For :cpp:func:`rocsparse_sddmm()` hipGraph is supported only when using the default algorithm.
Storage Formats
===============
The following describes supported matrix storage formats.
.. note::
The different storage formats support indexing from a base of 0 or 1 as described in :ref:`index_base`.
COO storage format
------------------
The Coordinate (COO) storage format represents a :math:`m \times n` matrix by
=========== ==================================================================
m number of rows (integer).
n number of columns (integer).
nnz number of non-zero elements (integer).
coo_val array of ``nnz`` elements containing the data (floating point).
coo_row_ind array of ``nnz`` elements containing the row indices (integer).
coo_col_ind array of ``nnz`` elements containing the column indices (integer).
=========== ==================================================================
The COO matrix is expected to be sorted by row indices and column indices per row. Furthermore, each pair of indices should appear only once.
Consider the following :math:`3 \times 5` matrix and the corresponding COO structures, with :math:`m = 3, n = 5` and :math:`\text{nnz} = 8` using zero based indexing:
.. math::
A = \begin{pmatrix}
1.0 & 2.0 & 0.0 & 3.0 & 0.0 \\
0.0 & 4.0 & 5.0 & 0.0 & 0.0 \\
6.0 & 0.0 & 0.0 & 7.0 & 8.0 \\
\end{pmatrix}
where
.. math::
\begin{array}{ll}
\text{coo_val}[8] & = \{1.0, 2.0, 3.0, 4.0, 5.0, 6.0, 7.0, 8.0\} \\
\text{coo_row_ind}[8] & = \{0, 0, 0, 1, 1, 2, 2, 2\} \\
\text{coo_col_ind}[8] & = \{0, 1, 3, 1, 2, 0, 3, 4\}
\end{array}
COO (AoS) storage format
------------------------
The Coordinate (COO) Array of Structure (AoS) storage format represents a :math:`m \times n` matrix by
======= ==========================================================================================
m number of rows (integer).
n number of columns (integer).
nnz number of non-zero elements (integer).
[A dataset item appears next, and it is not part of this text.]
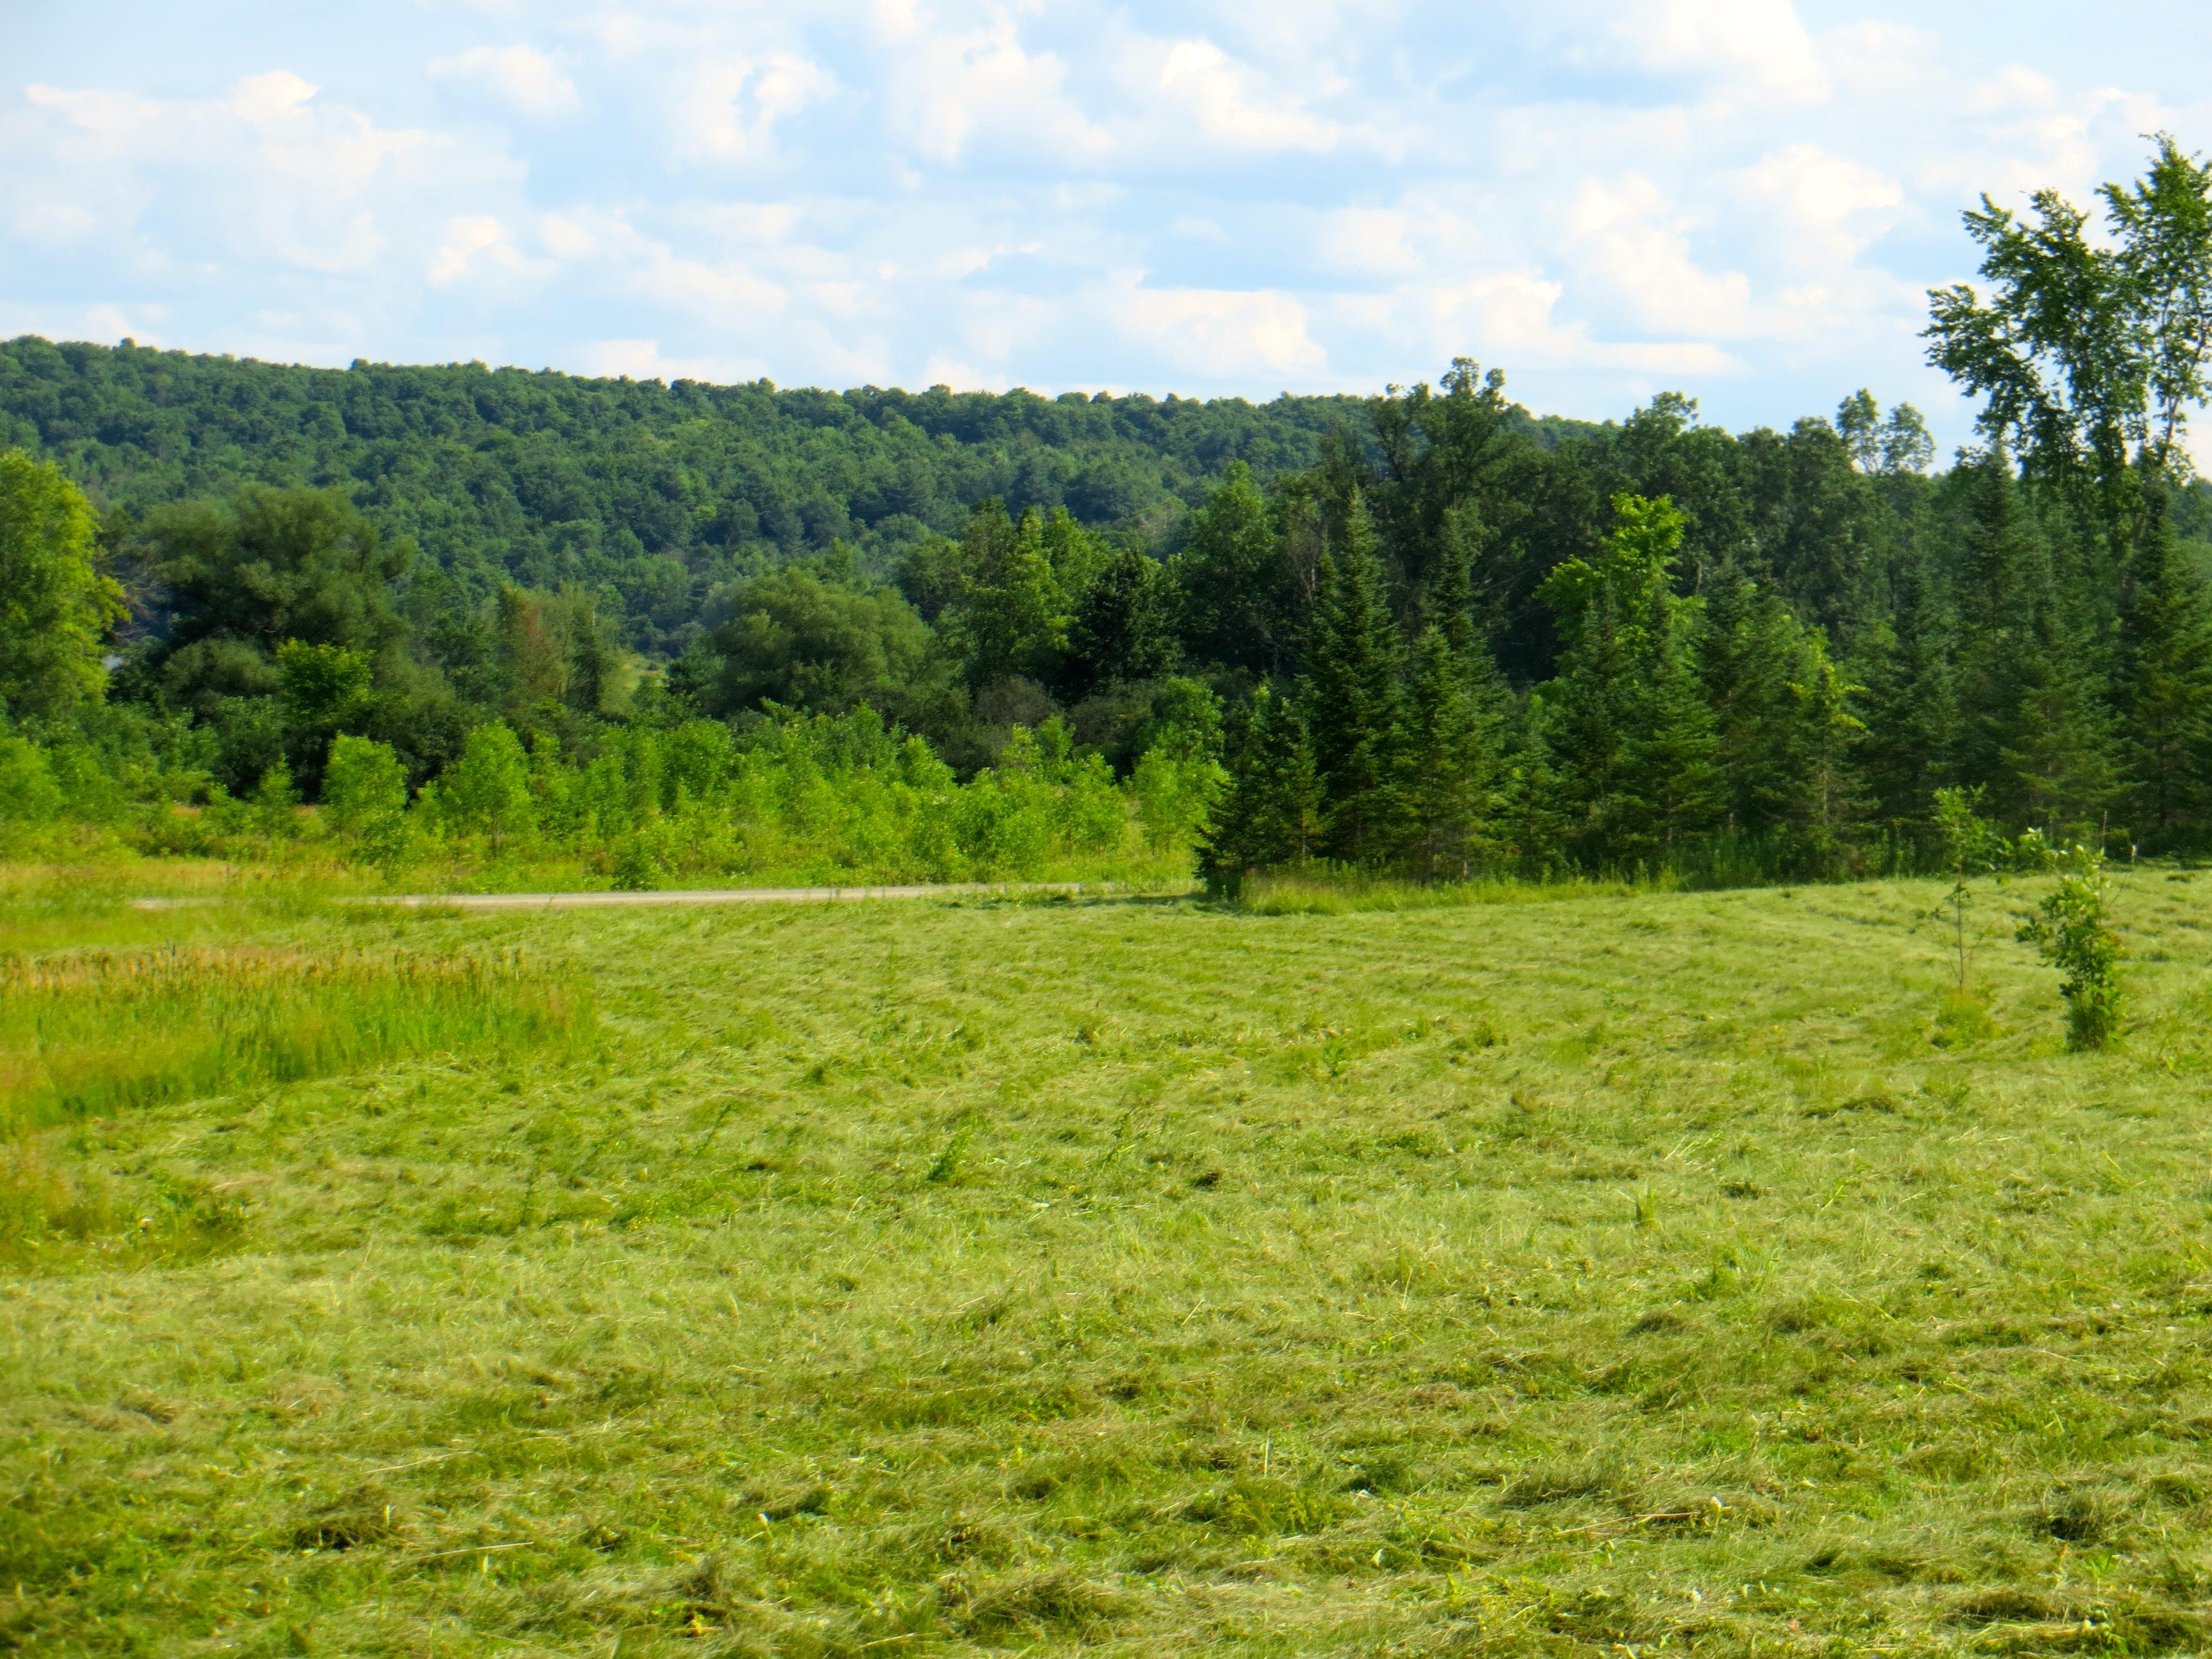 Upper field cut

coo_val array of ``nnz`` elements containing the data (floating point).
coo_ind array of ``2 * nnz`` elements containing alternating row and column indices (integer).
======= ==========================================================================================
The COO (AoS) matrix is expected to be sorted by row indices and column indices per row. Furthermore, each pair of indices should appear only once.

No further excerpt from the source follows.